## Work to complete:
I need the records below restated word for word, without their pictures.

## Data in this exercise:
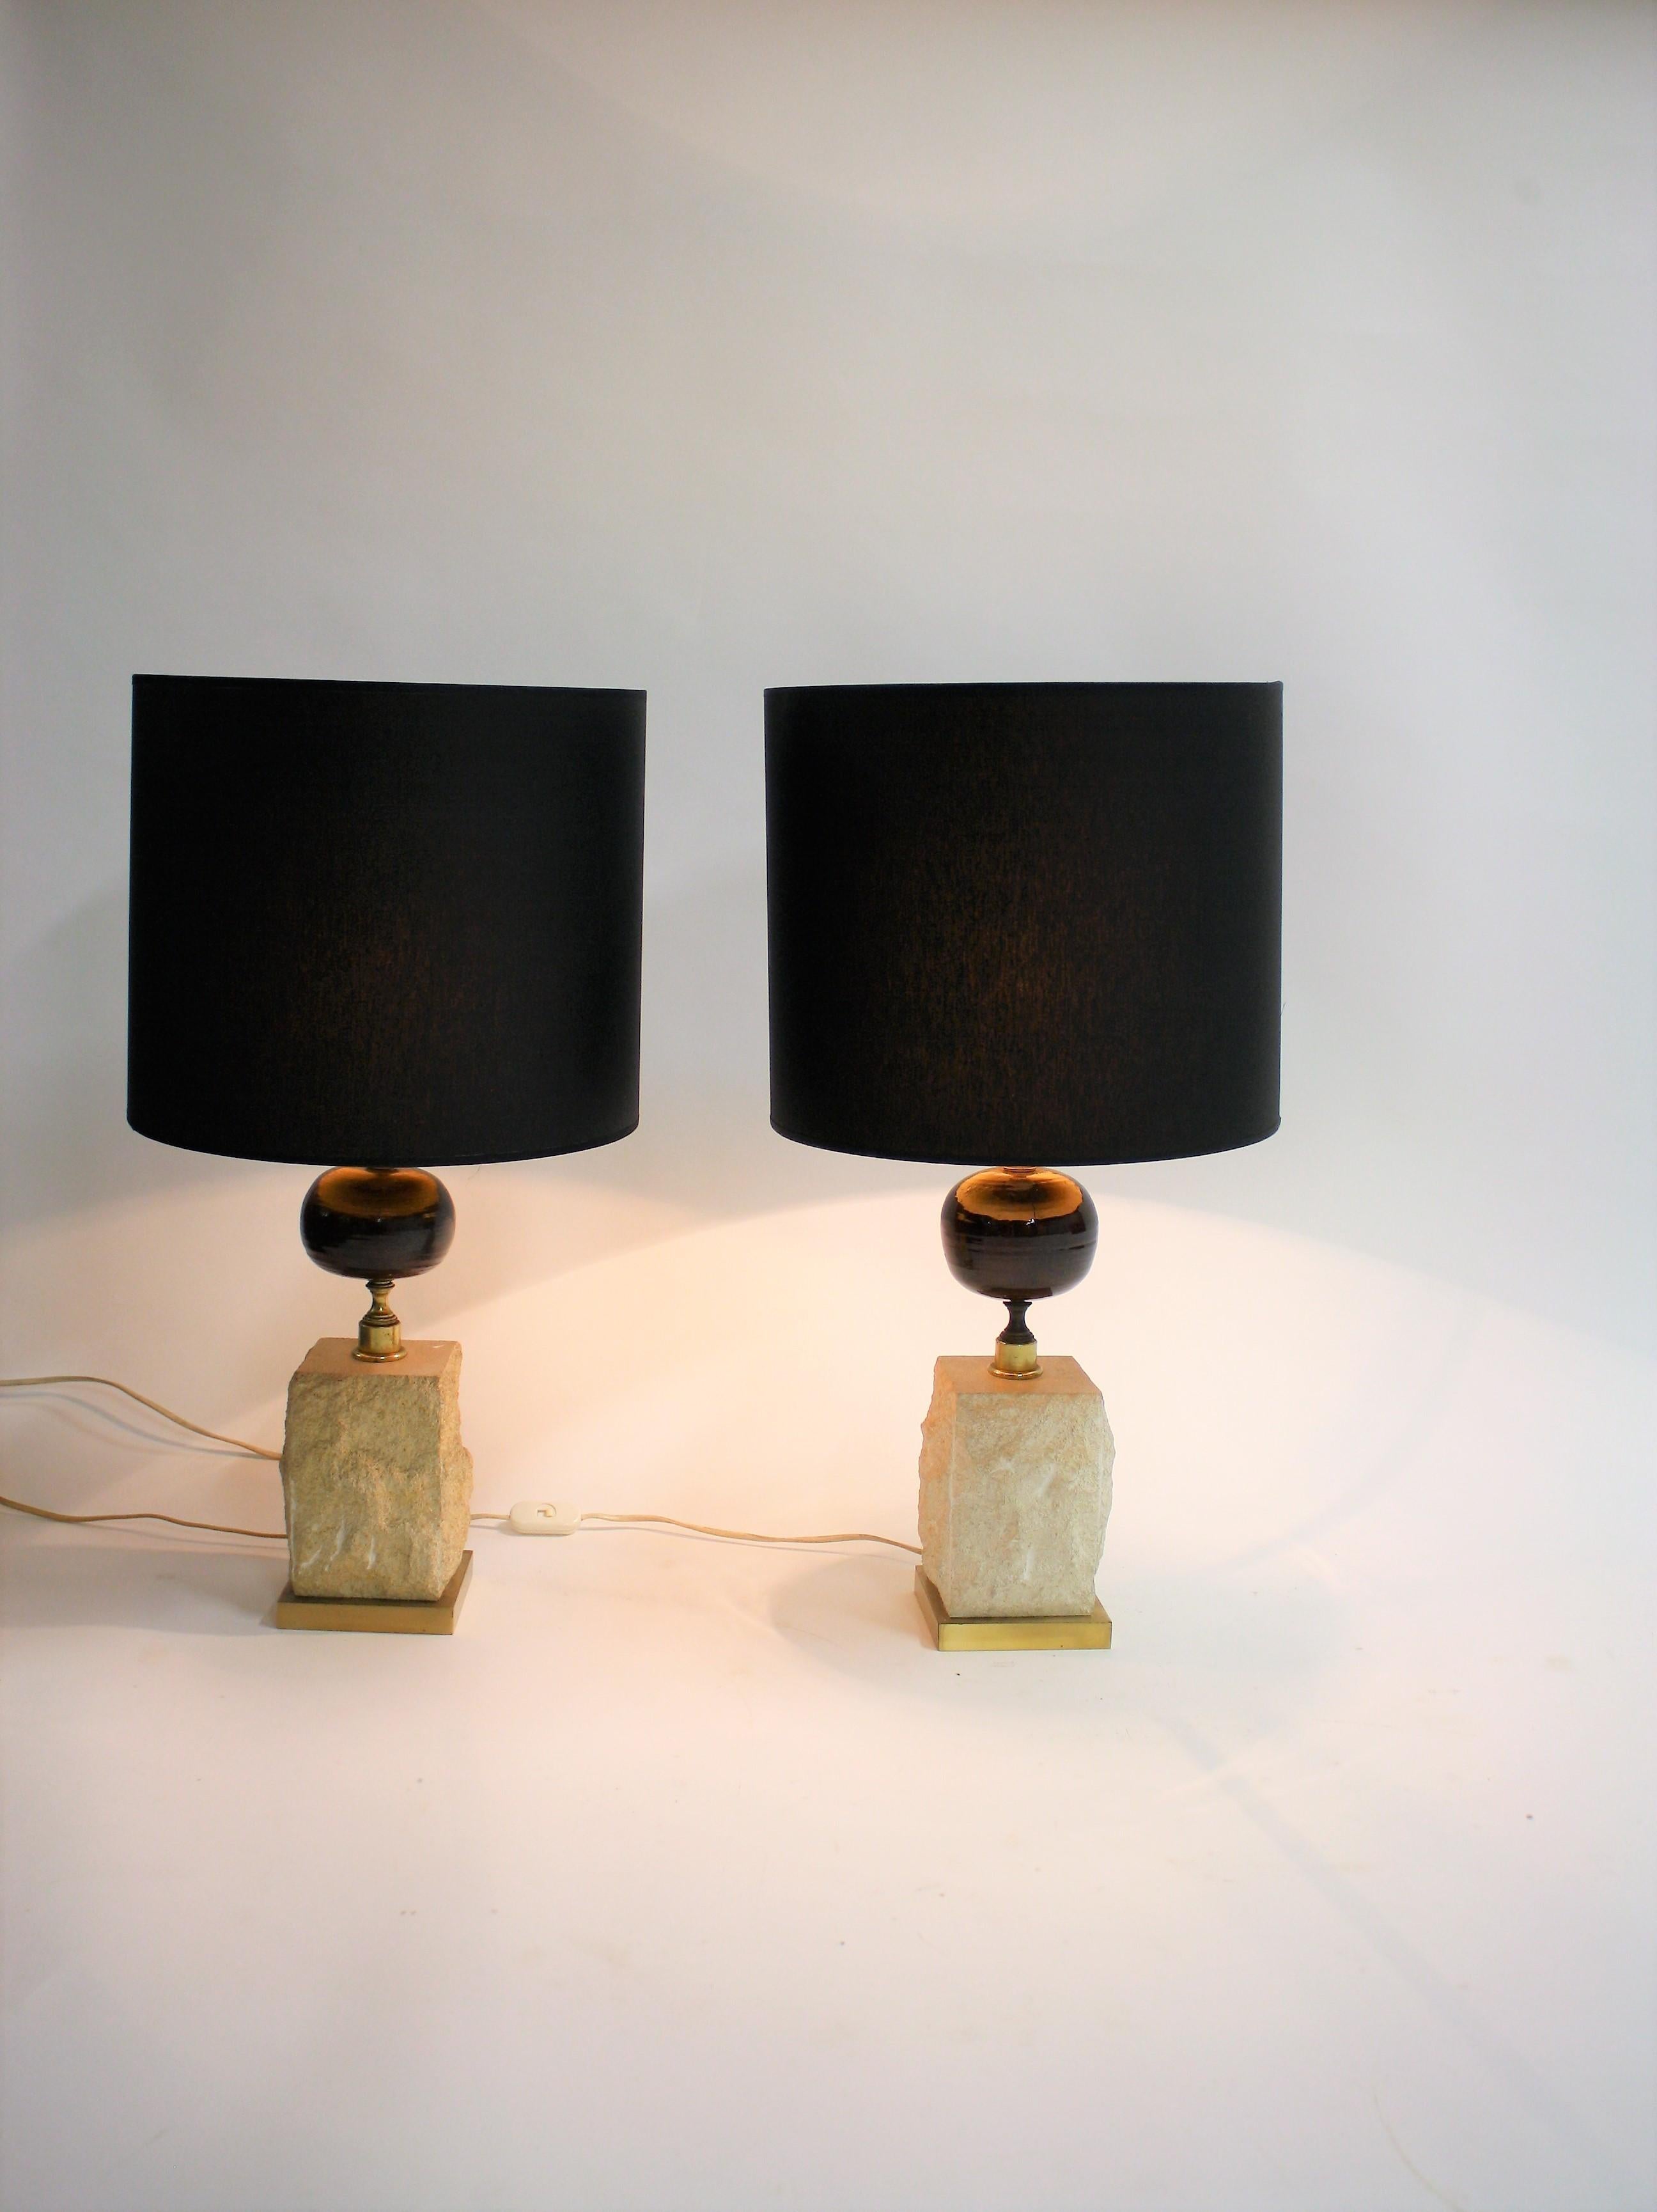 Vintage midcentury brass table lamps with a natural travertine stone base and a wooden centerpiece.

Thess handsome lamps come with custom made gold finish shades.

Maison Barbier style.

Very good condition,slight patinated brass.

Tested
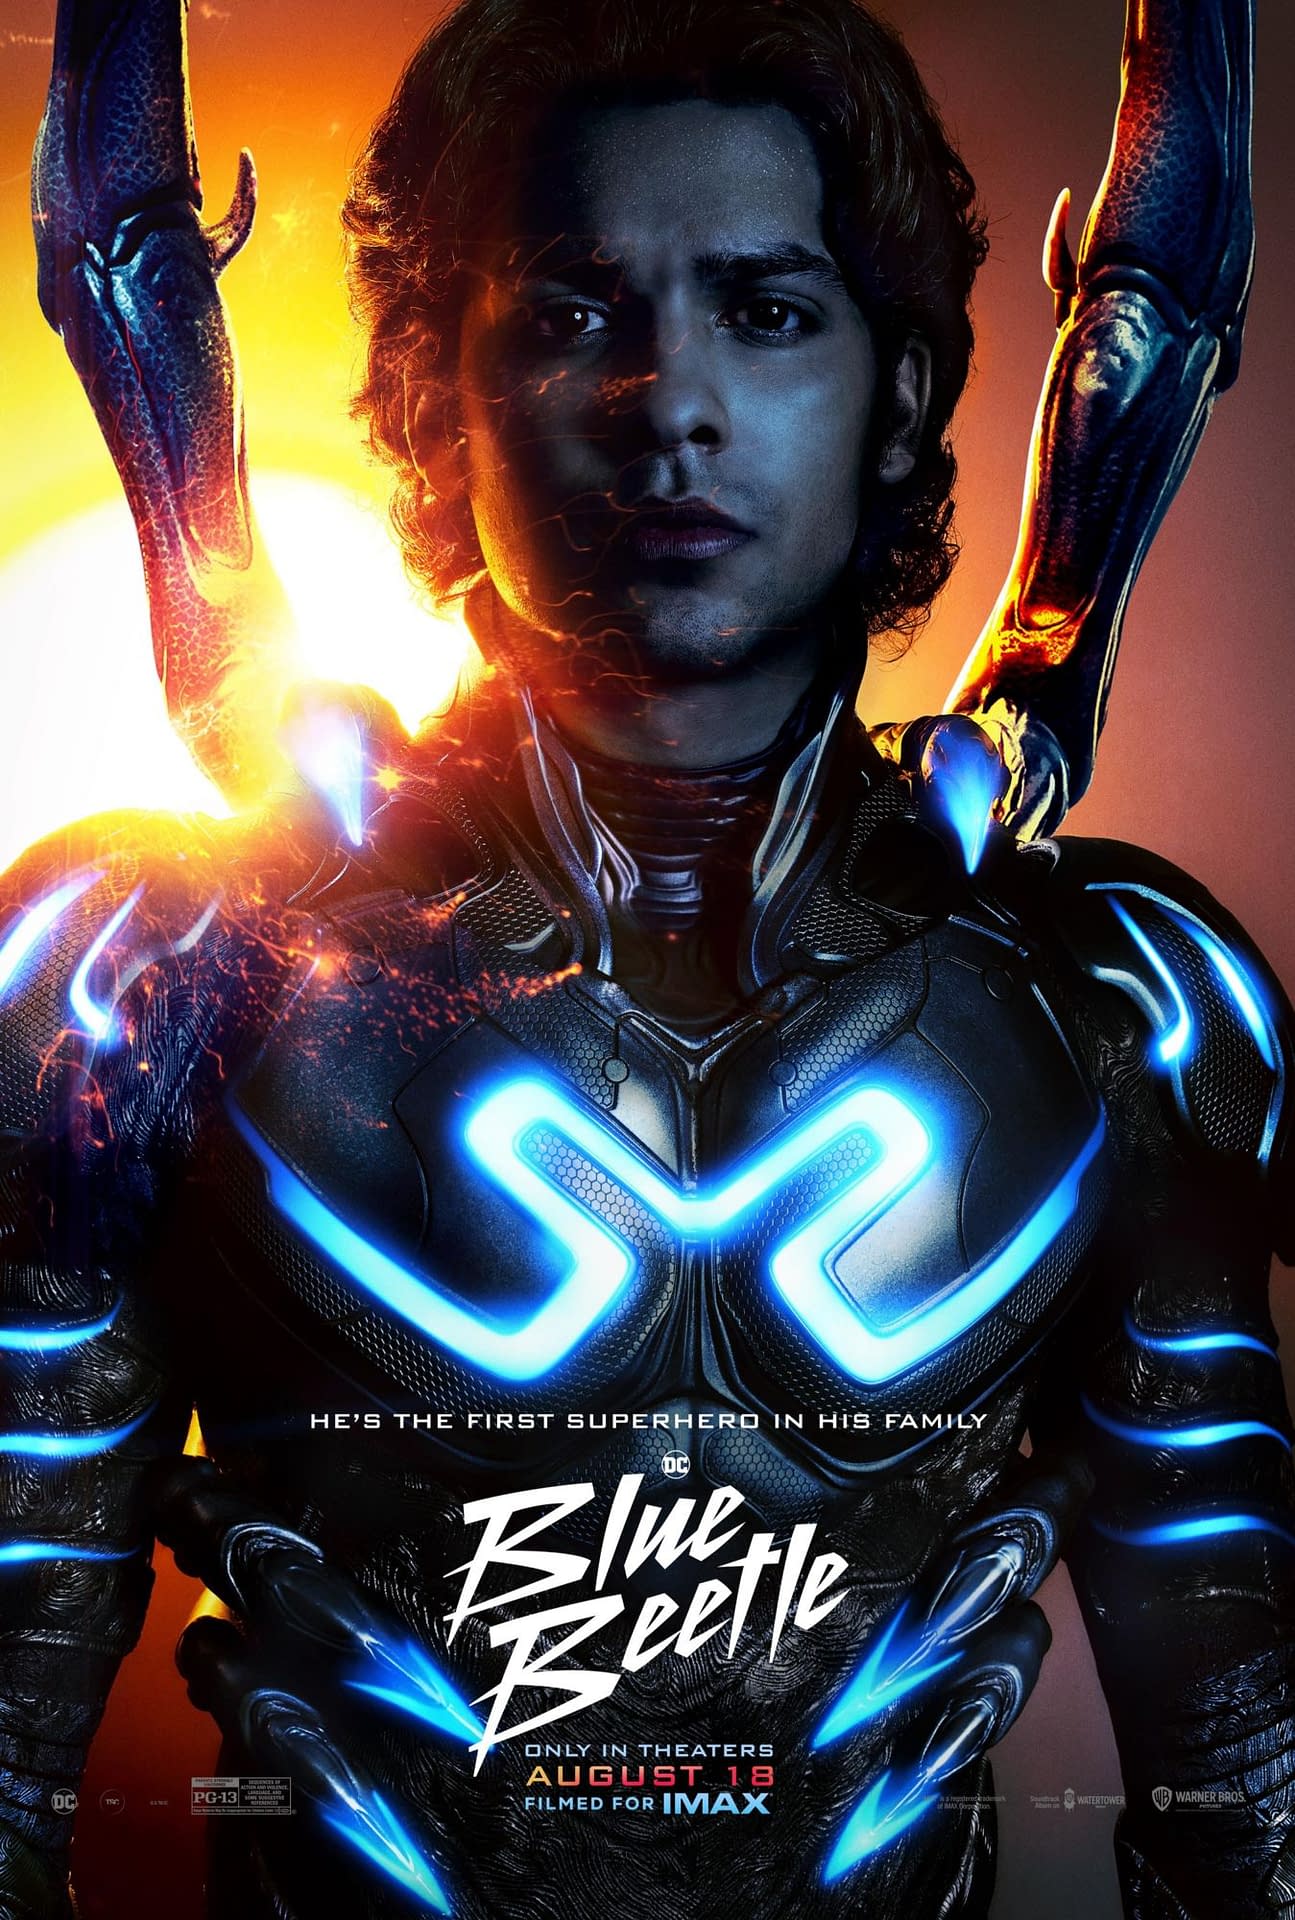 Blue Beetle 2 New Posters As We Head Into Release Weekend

## Output of the task:
 Vintage midcentury brass table lamps with a natural travertine stone base and a wooden centerpiece.

Thess handsome lamps come with custom made gold finish shades.

Maison Barbier style.

Very good condition,slight patinated brass.

Tested
 Blue Beetle 2 New Posters As We Head Into Release Weekend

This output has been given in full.